A shit house-guest, Misery has no regard for my routines, schedules, desires or even needs. Her ability to make a mess out of nothing is quite frankly astonishing, at times I can’t help but marvel at her. However, her long visits become difficult, with every passing day neuances of colour disappear from my field of vision, replaced by a gradually growing cloud that fogs my general functioning from within. Of all the ways I’ve tried to make her leave none have worked, whenever she’s finally off, I take no credit, I simply sigh in relief and go looking for the broom to dust what remains of her out the door.

“What do you want to do today?” she asked as I dragged my feet to the kitchen one morning, “do you want to not leave the house, perhaps forget to drink water and neglect any and all physical activity?” she chirped. I scowled in her direction, “it”s what, 7 AM? Can you tone down the proverbial skip in your step?” she laughed, her eyes bright as if she had, at least, gotten all sleep necessary. I turned my back to her and put the kettle on. “You know,” she continued, “we could start the day watching a movie, maybe two, hey, no rules right, popcorn for breakfast?” “Jesus,” I muttered, “have you no sense?” “I do,” she replied, “I just don’t care for it.” I didn’t turn my head to look but I could hear her smile over the boiling water. “At least she’s sincere in her sinistery,” I thought to myself. “I heard that,” she shot across the room, I pivoted and glanced at her before returning to my tea-preparations.

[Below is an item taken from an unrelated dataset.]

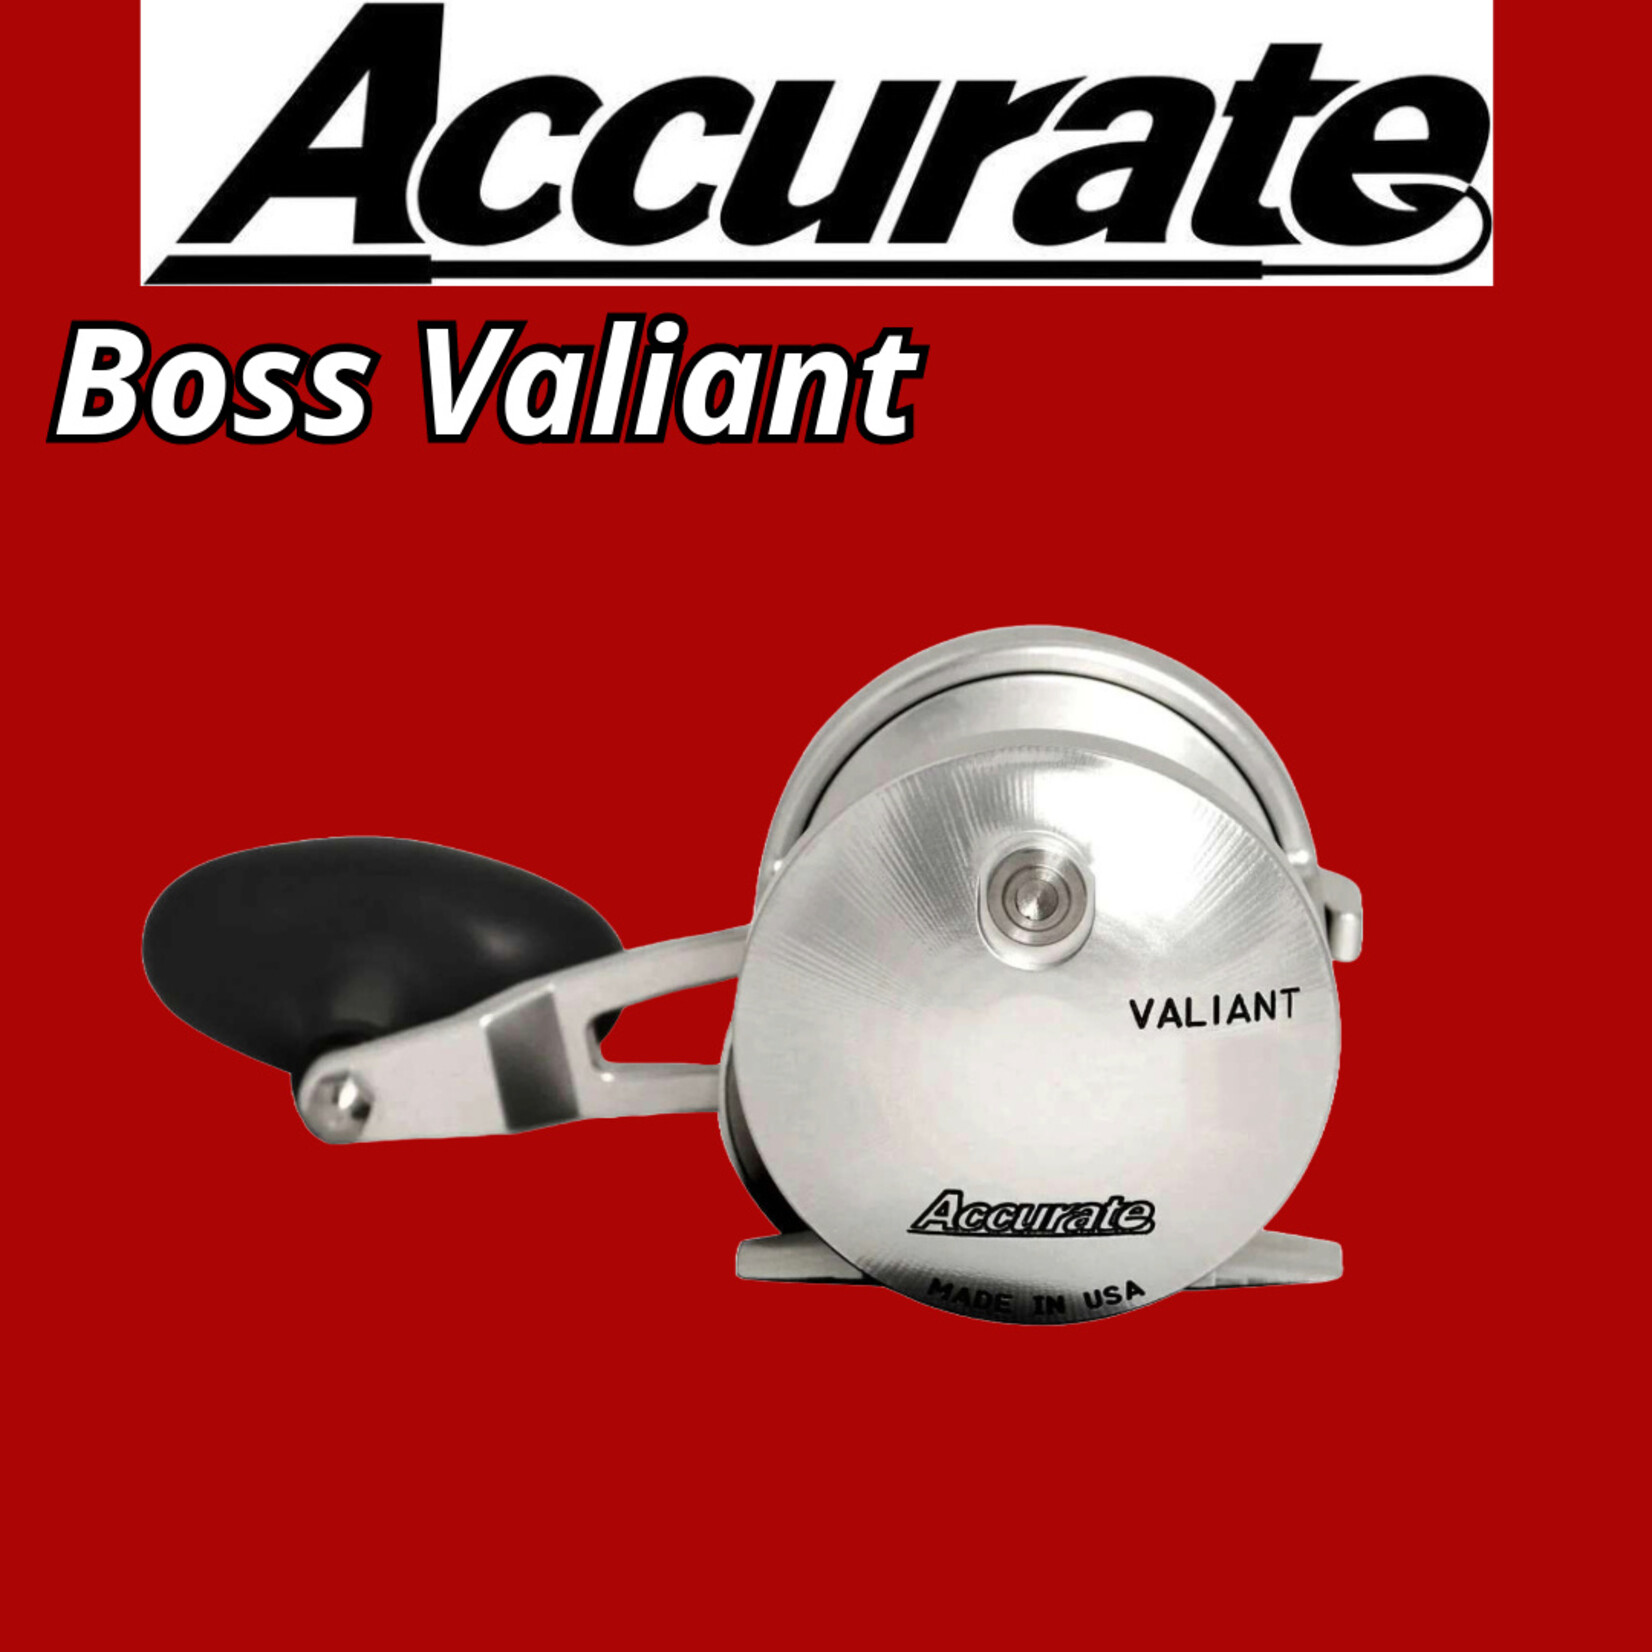 Accurate Boss Valiant

“A pot of tea is not going to fix anything, you know” she teased, I ignored her and walked back up to my room, where I stayed, as she suggested, or perhaps predicted, for most of the day, plotting on how to get rid of her, knowing full well it was nothing more than a mental exercise or day-dream, but it’s not like I had anything better to do. She’d hidden my shoes and coat that day, the royal Cuntess.